Первые репортеры медленно, с оглядкой потянулись к выходу, чтобы срочно телефонировать своим редакциям решение судьи…
— Есть, наконец, и еще одно соображение, которое мы не приняли во внимание. Может быть, я несколько отстал от жизни, но мимо меня как-то прошло то обстоятельство, что нынешний год, оказывается, объявлен Годом ребенка. Об этом впервые узнал я лишь из сегодняшней прессы. Вот… «Национальный альянс по предотвращению жестокости к детям сообщает, что по случаю Года ребенка в США приедет в конце этого года или в начале будущего почетный председатель этого общества, всемирно известная кинозвезда Софи Лорен…». Я полагаю, что всем нам должно быть ясно, что, поскольку на нашем процессе рассматривается как раз дело об убийстве детей и их матери, мы не можем в условиях Года ребенка, когда все средства массовой информации обрушивают во всем мире и в нашей стране Ниагару соответствующей пропаганды, как бы мы ни приветствовали цели этой кампании, быть до конца объективными и хладнокровно и трезво разобраться в нашем деле, ибо всем нам мешает ежедневная, ежечасная пропагандистская бомбардировка всех наших чувств и эмоций.
Зал зашумел.
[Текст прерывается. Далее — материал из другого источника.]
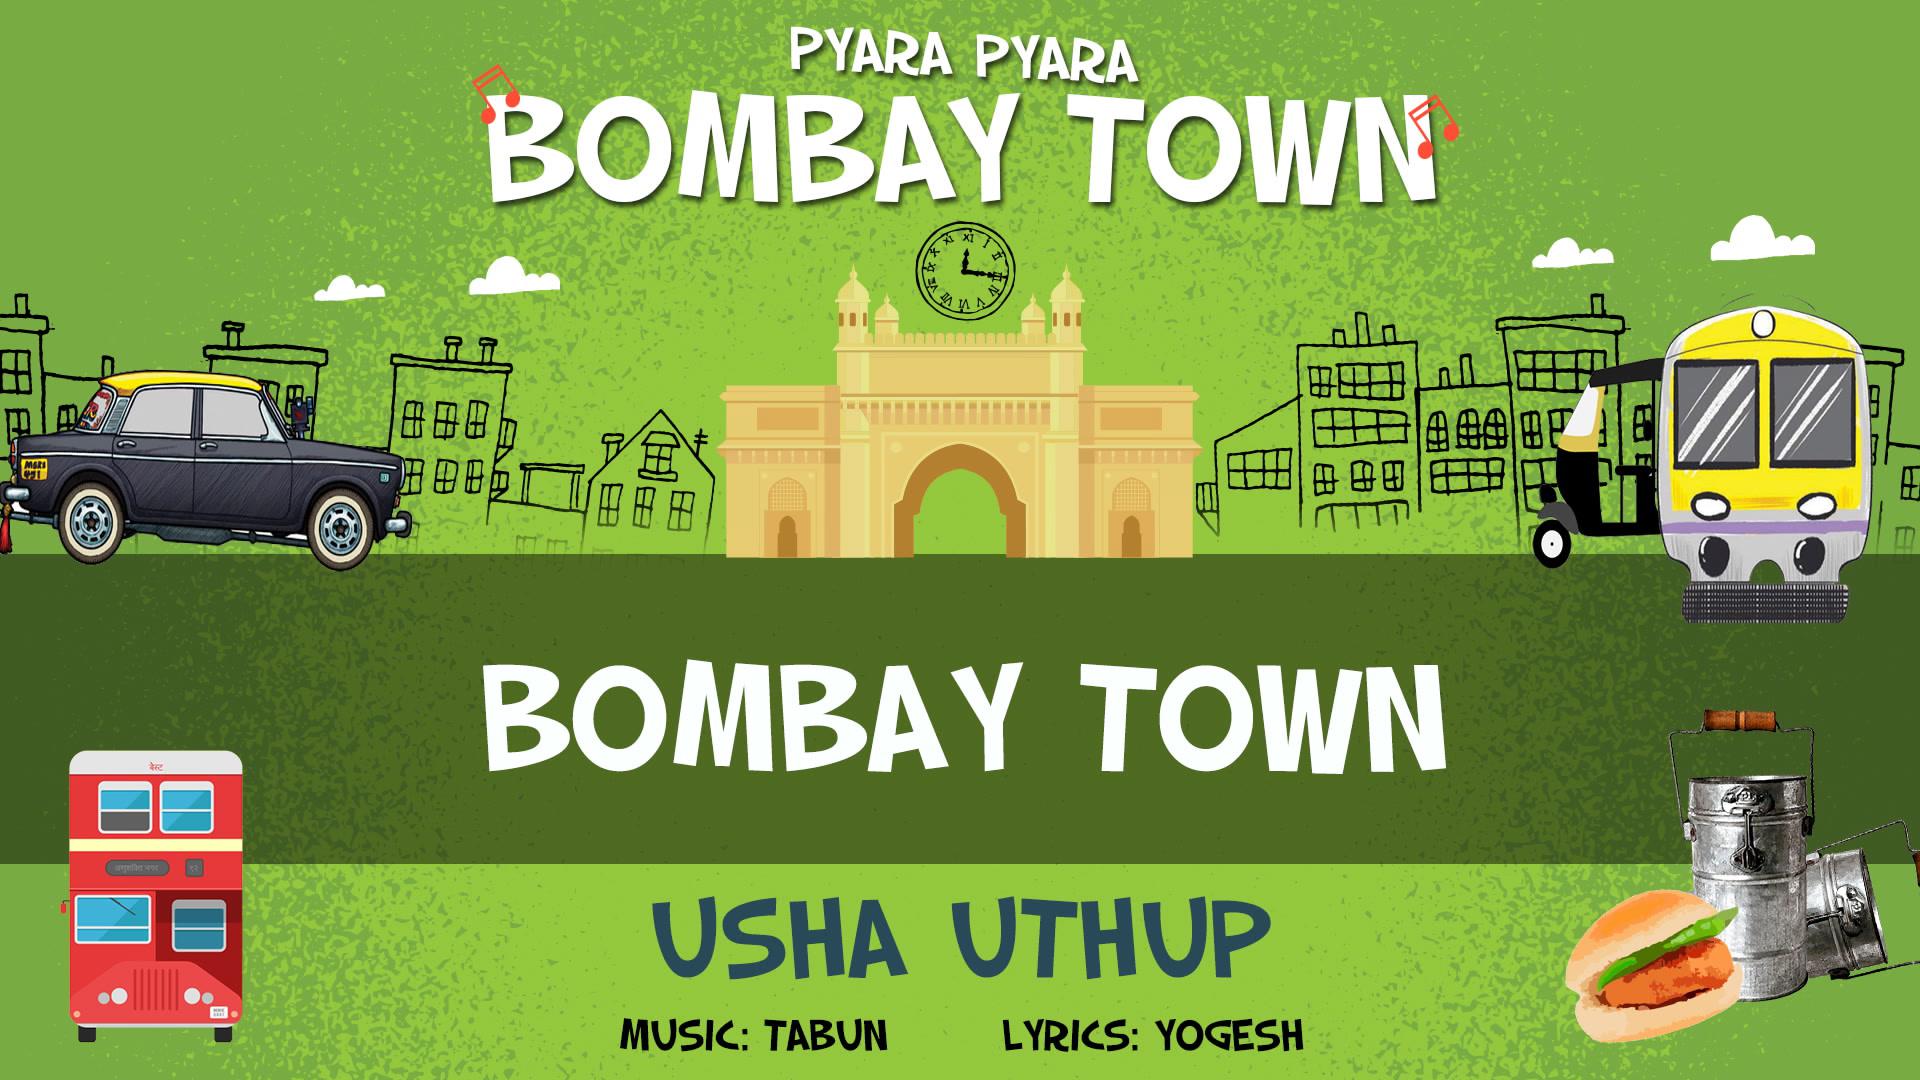 Usha Uthup - Bombay Town (Pseudo Video)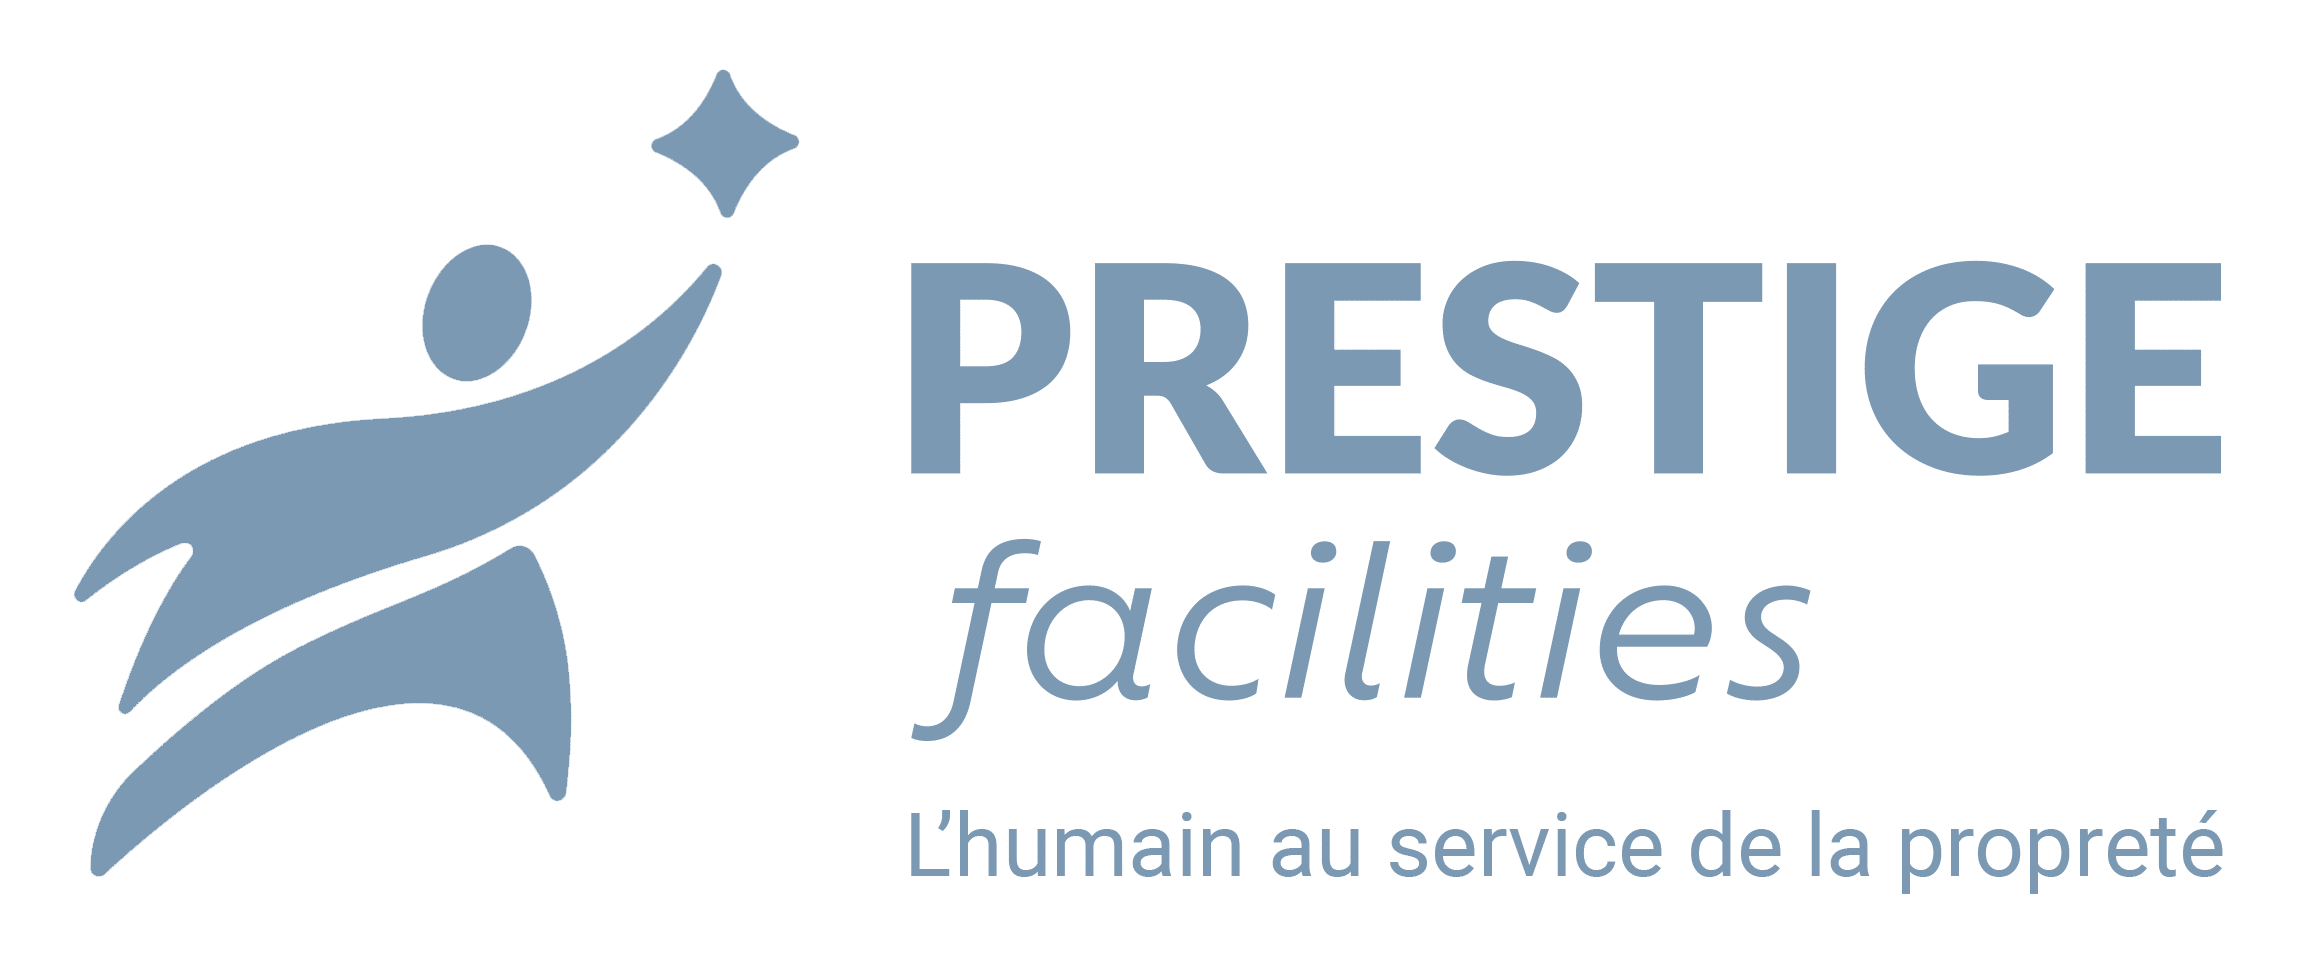 prestige-facilities-logo

Защитник сиял. Прокурор с выражением крайнего изумления и возмущения на лице ел судью глазами.
— Мы бились здесь над уравнением, — продолжал судья Батлер, — в котором слишком много неизвестных величин, и решить мы его оказались не в состоянии, тем более что решался вопрос о жизни или смерти человека. Мы оказались в порочном круге, в лабиринте, из коего нас не мог вывести даже компьютер, не заменивший нам нить Ариадны. Нашим проводникам — Обвинению и Защите — казалось, правда, что они могут зажечь светильник и вывести нас из лабиринта, но это только казалось им. И напрасно тщились мы тут на примере разбираемого дела судить и наше время, и наше общество. Не под силу это данному суду. Не под силу. Мы не смогли здесь решить арифметическую задачу, а от нас потребовали, чтобы мы посягнули на решение проблем высшей математики, самых проклятых вопросов эпохи.
Грант не сводил глаз с Мак-Дональда. Говорят, он собирается жениться, мечтает о детях, особенно о сыне. Какие родители выдадут дочь за такого человека? Кто за него пойдет? Не следует ли невесте, перед тем как выйти за него, прочитать от корки до корки стенографический отчет этого, пусть незавершенного, процесса, взглянуть на посмертные фотографии Колетт, Кимберли, Кристины? Чего стоит закон, если он не оградит общество от Мак-Дональда!
В принципе Грант всегда после вьетнамской войны был против смертной казни. Газовая камера для Мэнсона была бы, наверное, чересчур легким наказанием. Но справедливее было казнить его в «зеленой комнате» тюрьмы на калифорнийском острове Сан-Квентин, чем выпустить, согласно закону штата Калифорния, под залог, под честное слово, через десяток лет. И то же можно сказать и о Мак-Дональде. Будь Грант судьей, он, взвесив всё и вся, сделал бы все от него зависящее, чтобы добиться смертной казни убийцы. Уж он не допустил бы никакого крючкотворства. А судья Батлер лавировал и маневрировал, юлил и финтил. Сказал бы прямо: Пентагон не велит!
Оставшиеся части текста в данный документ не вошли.